# Naruto - Shinobi Showdown [Manga Spoilers Within]



## Ryuk (Jun 12, 2008)

Naruto - Shinobi Showdown
*No killing a character without that members permission, No God moding, So only jutsus skills and such that we already have seen in the manga/anime
We will start when we get 10 Rpgers.
This Rpg is about a group of ninja that go on a mission to kill Sasuke after he attacked Konoha leaving countless dead.
2 teams, 
Team Hawk,
and Team Naruto

first, pick a Naruto character that is not dead, and assign him / her to a team.
*No Auto - Hits.


----------



## Kurugari_Shadou (Jun 12, 2008)

Does that mean I can be sasuke?

if not, I'll just be...shino! or neji!

hmmm...first tell me if I can be sasuke

<edit> oh, wait, I read that wrong, looks like I can be


make me sasuke! 

<Edit> wait a minute, what about jiraiya? 

I mean, is this no spoilers or what...?


----------



## murasex (Jun 13, 2008)

Shouldn't this be more in depth?
It's kind of vague.


----------



## Kurugari_Shadou (Jun 13, 2008)

I think it's in the future.

but then...jiraiya is out-make me sasuke then, final.


----------



## Turquoise inactive (Jun 13, 2008)

Please explain more. Can it be characters who weren't originally on Team Hawk, and Team Naruto? Are you going to be rping correctly, that means no auto-hits, no godmodding, etc. ?


----------



## NinjaM (Jun 13, 2008)

I'd like to hear more details about this as well...

Claiming Shikamaru though...


----------



## Ryuk (Jun 13, 2008)

Okay,

SPOlLER ALERT:

This is in the future, as we know Team Hawk( Madara, Sasuke, Kisame, Juugo, Karin, and Suigetsu is going to attack Konoha.
In this RPG they did it successfuly and killed many Konoha Shinobi, no one important though. The main teams 7, 8, 10, Team Gai, the others ( Anko, Aoba, Iruka, Tsunade etc.) Is going after them to avenge konoha. To make this fair Anbu root, Akatsuki and Hawk vs Konoha. Sand Village will come in later. If you are still confused tell me.


----------



## Ryuk (Jun 13, 2008)

Member List:
Team Naruto:
Ryuk - Naruto
Nmaster64 - Shikamaru
Alex - Neji
anabone - Chouji
Darkkyuubi - Rock Lee


Team Sasuke:
Kuru_Shadou - Sasuke


----------



## Ryuk (Jun 13, 2008)

<Reserved>  ...


----------



## Ryuk (Jun 13, 2008)

<Reserved> .......


----------



## Alex (Jun 13, 2008)

I could be an ass and take Itachi saying he lives on in our hearts...

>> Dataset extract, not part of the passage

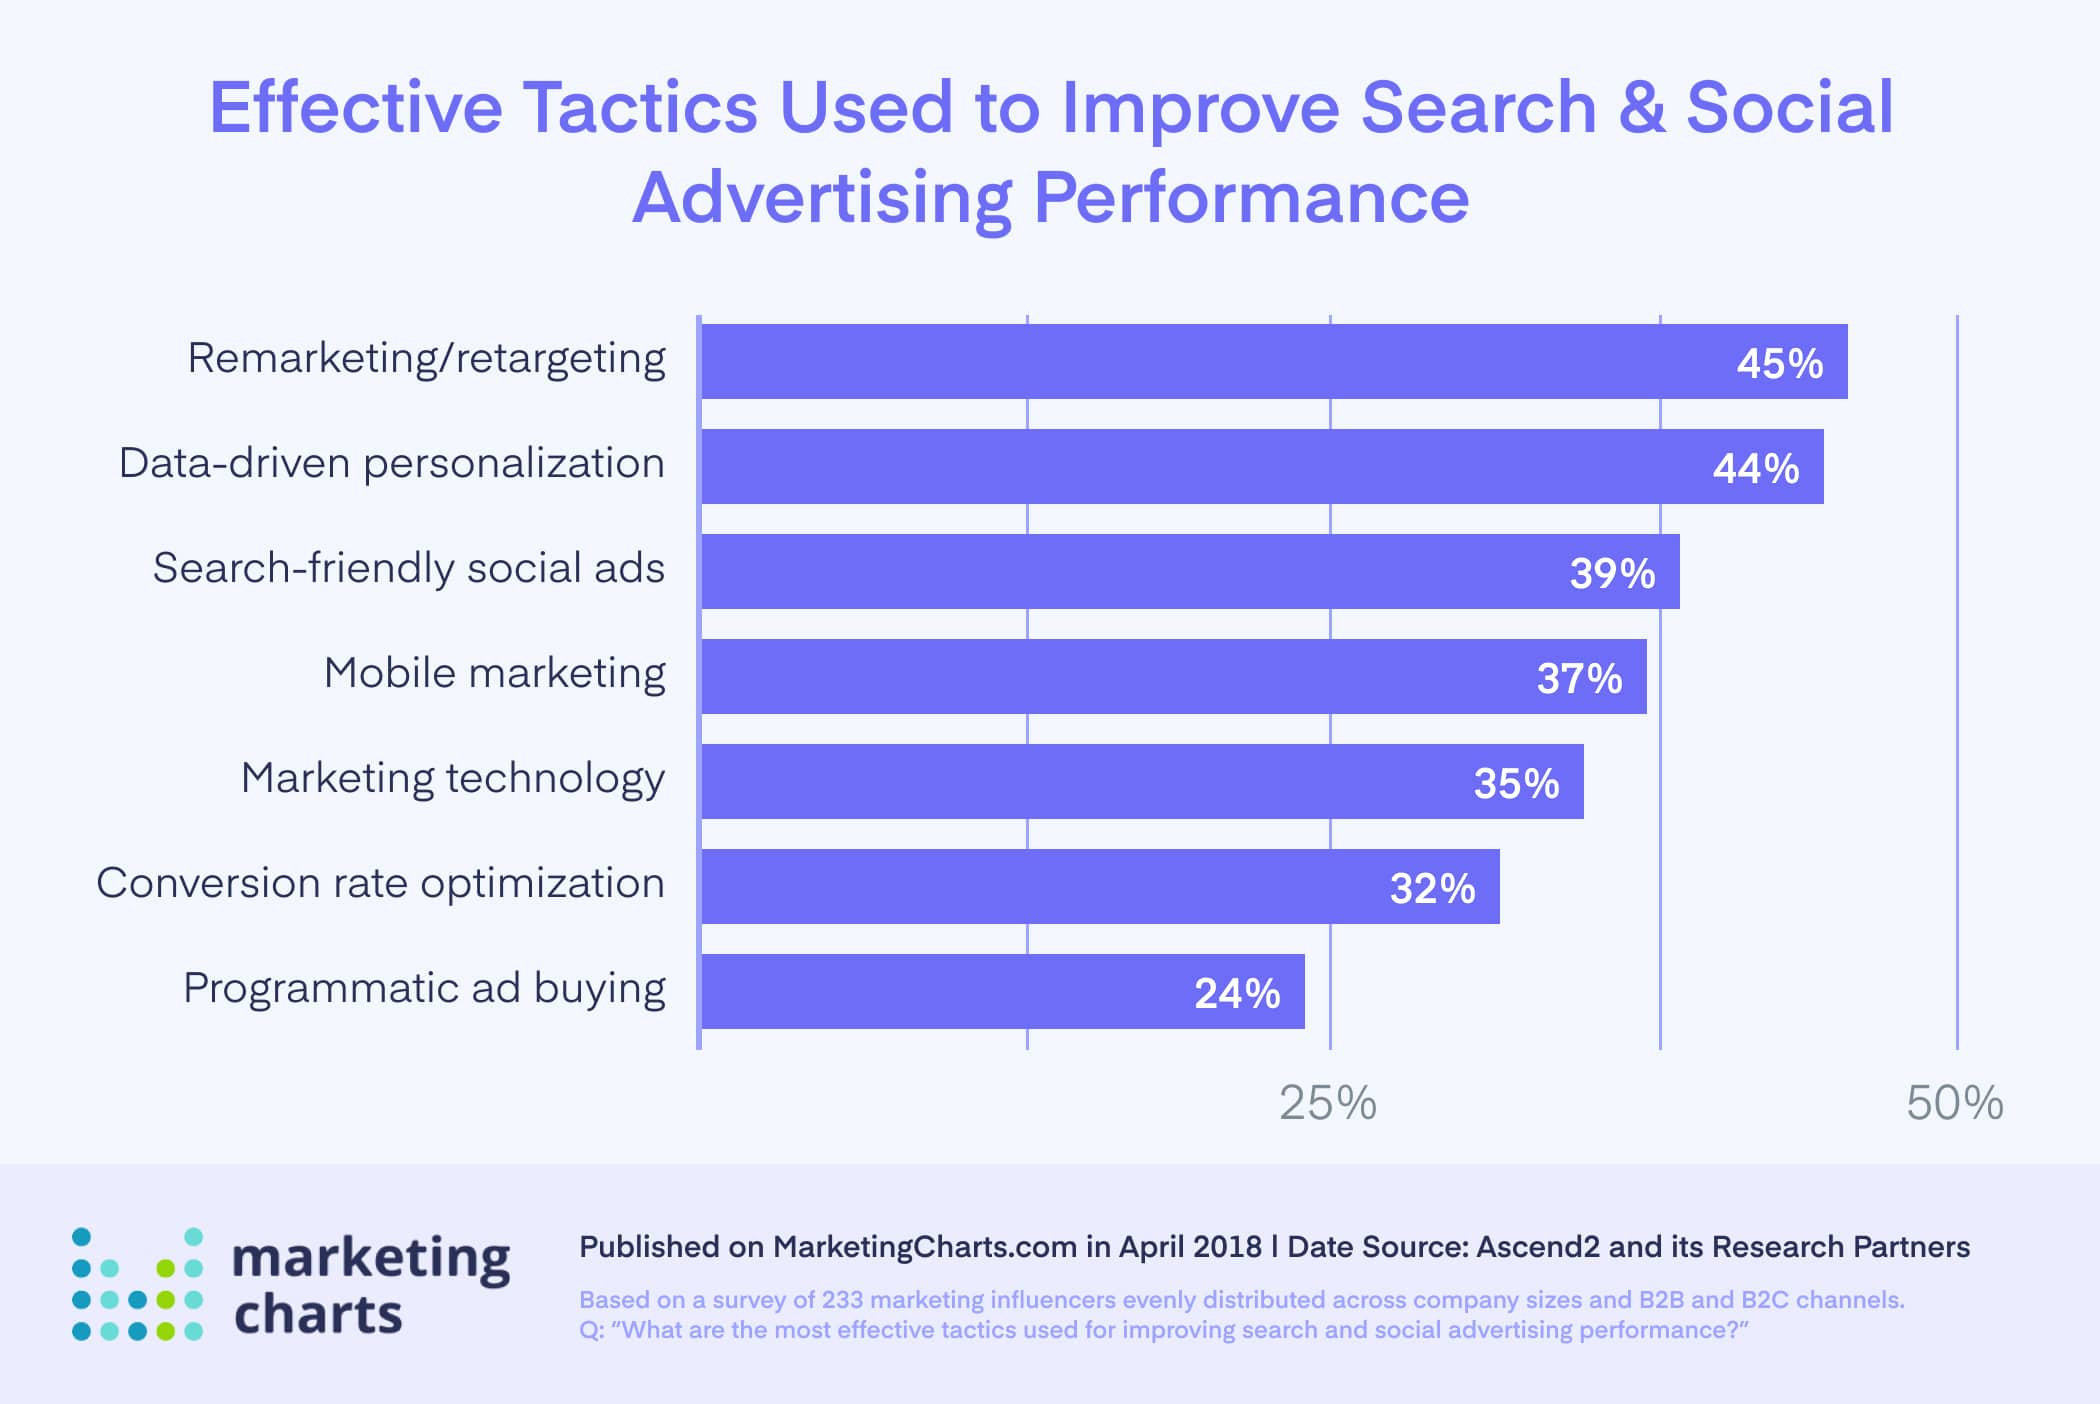 Search and advertising performance improvement tactics

but i guess I'll take Neji or Kakashi. On team Naruto i guess.


----------



## Ryuk (Jun 13, 2008)

Gave you Neji, Alex.


----------



## Turquoise inactive (Jun 13, 2008)

The only thing I wish to know is if you're going to have auto-hits, which I hope not.

Here's an example of something that isn't an auto-hit:

-Flickers behind Kiba at an instant. Chidori embedded into his Katana, firmly grasping it. Making a sharp *attempt* to carve it into Kiba's spine, if successful he would then switch his hand position, pull outwards, and *attempt* to plunge out Kiba's spinal chord.-

An auto-hit would be making any contact with the opponent an automatic like touch, without giving them a chance to dodge. What makes the post I have above not an auto-hit is the word 'attempt', making it possible for the opponent to dodge. Here is a possible way to dodge it

-Took endurance of Sasuke's motion the second it occurred, rapidly spinning frontwards at a great speed, this was timed thoughtfully, and was a success to dodging the katana's wrath. Facing Sasuke, he would then withdraw his claws in a comfortable position, talons sharpened to their full potential, as a quick dive towards sasuke, he would *attempt* to drill his claws into Sasuke's upper torso-

Etc. I think you get the idea.

So are you allowing auto-hitting, meaning the attacks cannot be dodged? x_o''


----------



## Ryuk (Jun 13, 2008)

No Auto - Hits         .


----------



## Kurugari_Shadou (Jun 13, 2008)

well I guess we should just keep this active till the whole team(s) come in.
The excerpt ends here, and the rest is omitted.